NCAS Hospital Indication Classifier
A BioClinicalBERT-based multilabel classifier for categorising antimicrobial prescription indication text from hospital electronic medical records (EMR). Developed as part of a research project at RMIT University / The Royal Melbourne Hospital (RMH) investigating automated antimicrobial stewardship support.
Model description
| Attribute | Value |
|---|---|
| Base encoder | emilyalsentzer/Bio_ClinicalBERT |
| Pooling | Mean pooling over token embeddings |
| Classification head | Linear + Sigmoid |
| Task | Multilabel classification (8 categories) |
| Training data | ~2,000 manually annotated hospital prescription records (RMH 2021) |
| Held-out evaluation | 600 records from RMH 2022, 2023, 2024 |
Label schema (8catb)
| Label | Description |
|---|---|
respiratory - ioi |
Respiratory infection of indication |
skin and soft tissue - ioi |
Skin/soft-tissue infection of indication |
urinary tract - ioi |
Urinary tract infection of indication |
other |
Other or unspecified indication |
sepsis |
Sepsis or bacteraemia |
undifferentiated infection |
Infection without identified source |
organism only |
Organism identified but no clinical syndrome specified |
no indication documented |
No clinical indication present in the text |
A sample can receive one or more labels simultaneously (multilabel).
Post-processing rule
After model prediction, sepsis is suppressed from any sample that also receives
respiratory - ioi OR skin and soft tissue - ioi. If suppression would leave zero
labels, the removal is reverted (fallback guarantee).
Usage
Quick start
from huggingface_hub import hf_hub_download
from ncas_indication.model import ClinicalBERTClassifier
from transformers import AutoTokenizer
# Download checkpoint
model_path = hf_hub_download(
repo_id="jibmaird/NCAS-hospital-indication-classifier",
filename="indication_classifier_model.pt",
)
# Load model (label names and thresholds are embedded in the checkpoint)

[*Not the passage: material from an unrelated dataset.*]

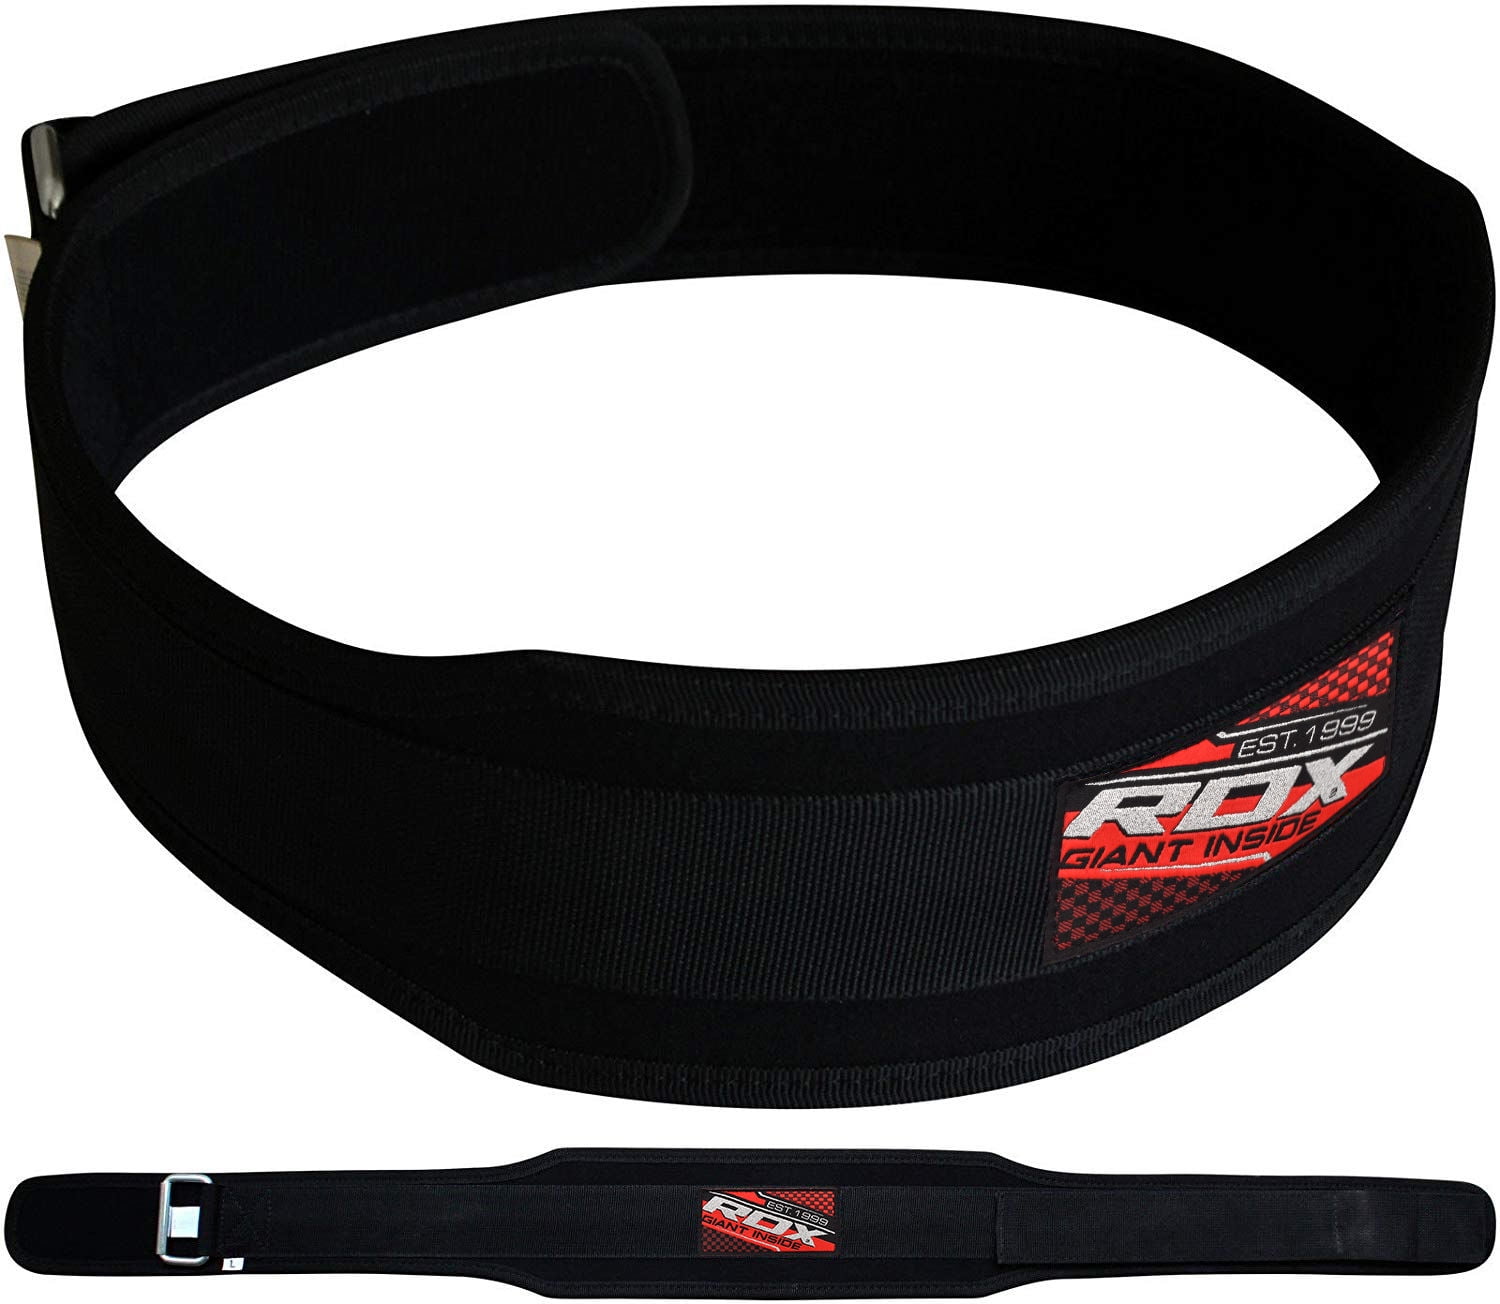 Rdx Gym Weight Lifting Belt Back Training Support Fitness
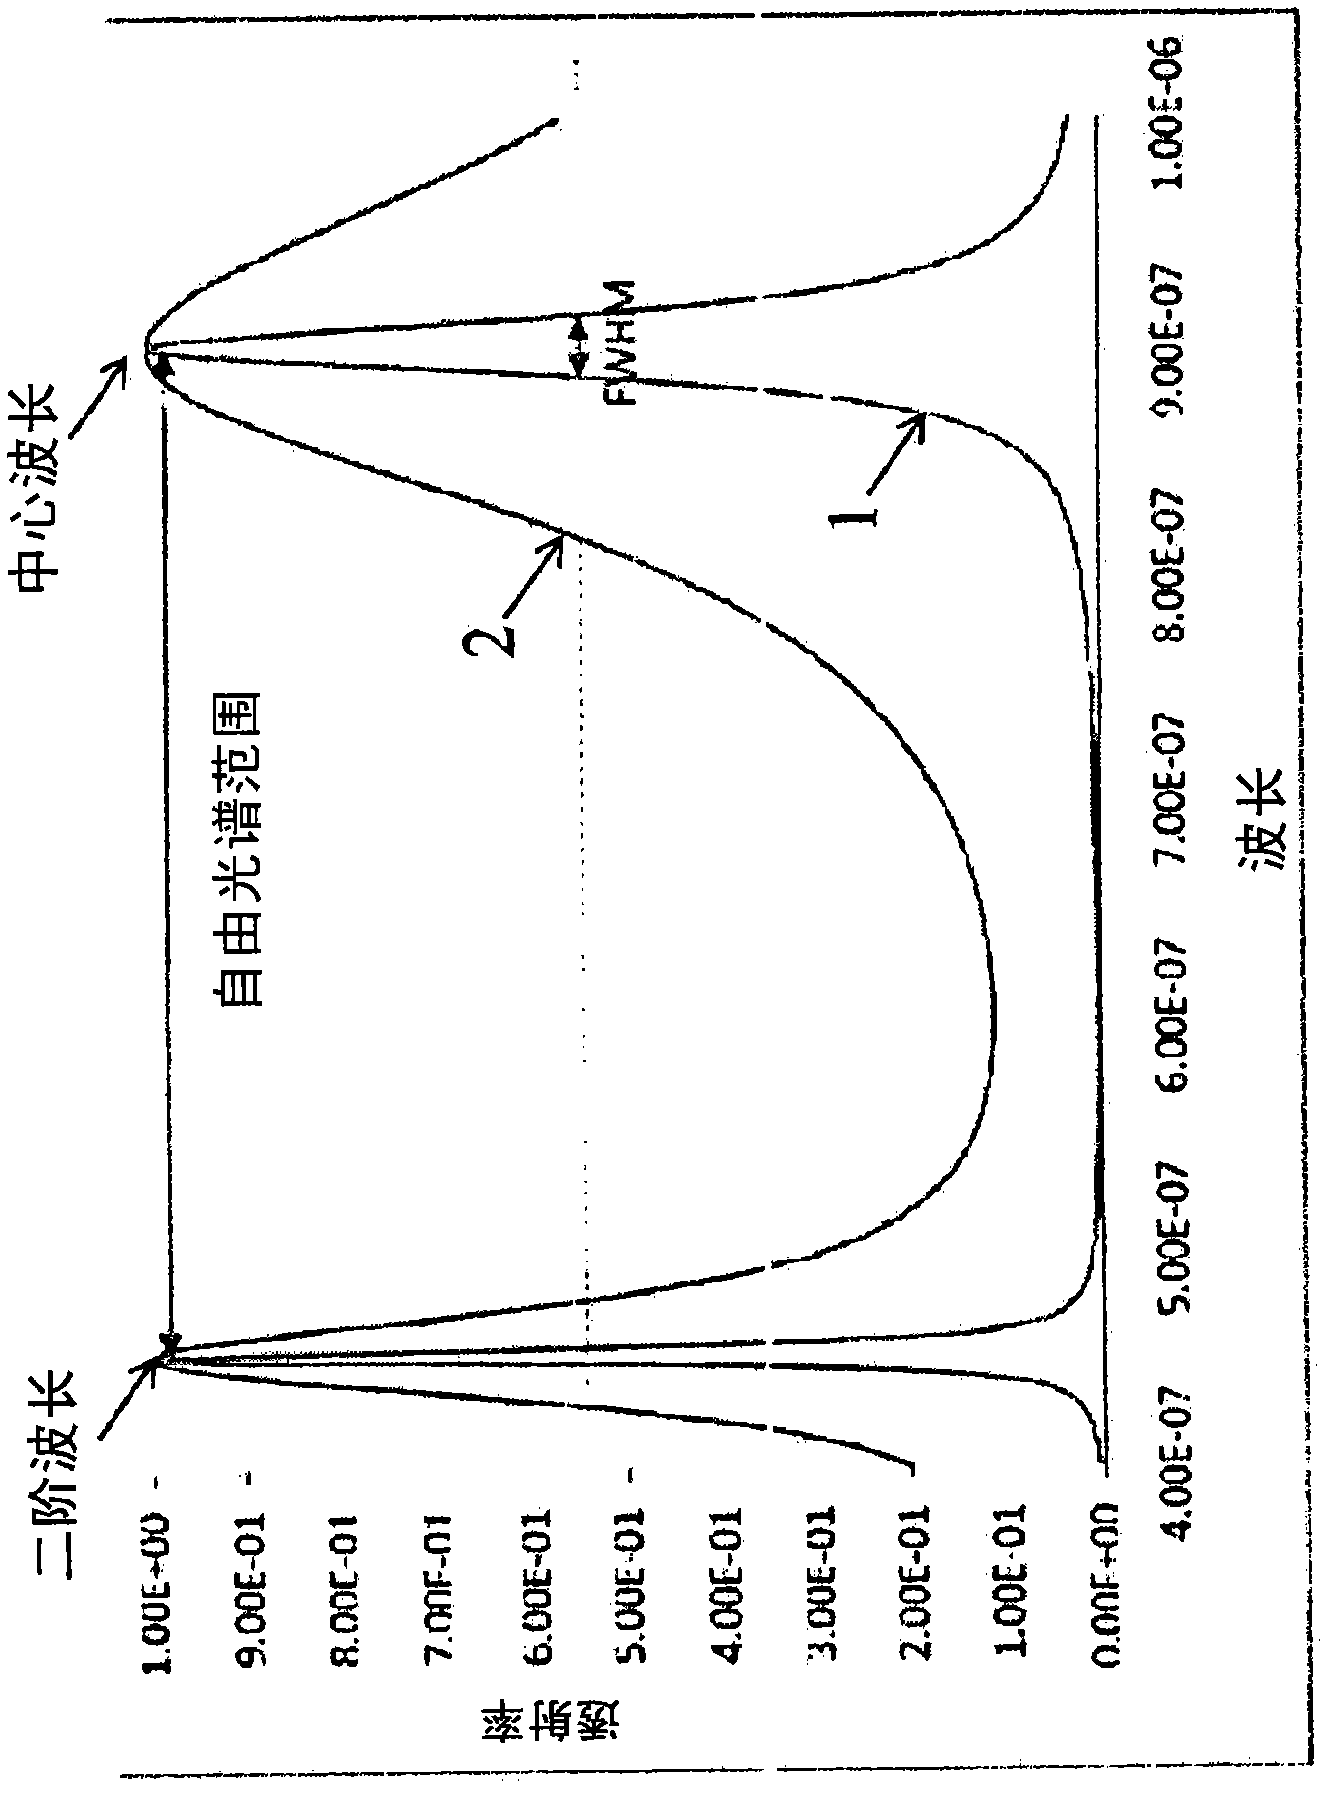 Integrated circuit for spectral imaging system

model, label_columns, thresholds = ClinicalBERTClassifier.from_checkpoint(model_path)
tokenizer = AutoTokenizer.from_pretrained("emilyalsentzer/Bio_ClinicalBERT")
Or using the inference script from the GitHub repository:
# Single text
python inference/predict.py --text "UTI prophylaxis post-renal transplant"
# CSV file
python inference/predict.py --input your_file.csv --output predictions.csv
Desktop application
A cross-platform desktop GUI is available in the app/ folder of the repository.
See app/README.md.
Training
Hyperparameters
| Parameter | Value |
|---|---|
| Learning rate | 1e-5 |
| Batch size | 8 |
| Epochs | 20 |
| Optimizer | AdamW |
| Loss function | Weighted BCE (inverse-frequency weights) |
| Validation split | 20% of training data |
| Threshold selection | Per-label F1 maximisation on validation set |
Training procedure
- The combined dataset of ~2,000 labelled records was split 80/20 for training and validation.
- Inverse-frequency class weights were applied to the BCE loss to address label imbalance.
- Per-label decision thresholds were optimised on the validation set by grid search over [0.1, 0.2, …, 0.8] to maximise label-specific F1.
- The model with the best weighted-macro F1 across epochs was retained.
Checkpoint format
The .pt file is a standard PyTorch checkpoint dict with keys:
{
"model_state_dict": ..., # nn.Module weights
"label_columns": [...], # ordered label names
"optimal_thresholds": [...], # per-label decision thresholds
"n_labels": 8,
"base_model": "emilyalsentzer/Bio_ClinicalBERT",
}
Limitations and intended use
- The model was trained and evaluated on de-identified records from a single Australian tertiary hospital (RMH). Performance may differ on records from other hospitals, health systems, or clinical workflows.
- This model is intended for research purposes and is not a validated clinical decision support tool. Clinical decisions must remain with qualified healthcare professionals.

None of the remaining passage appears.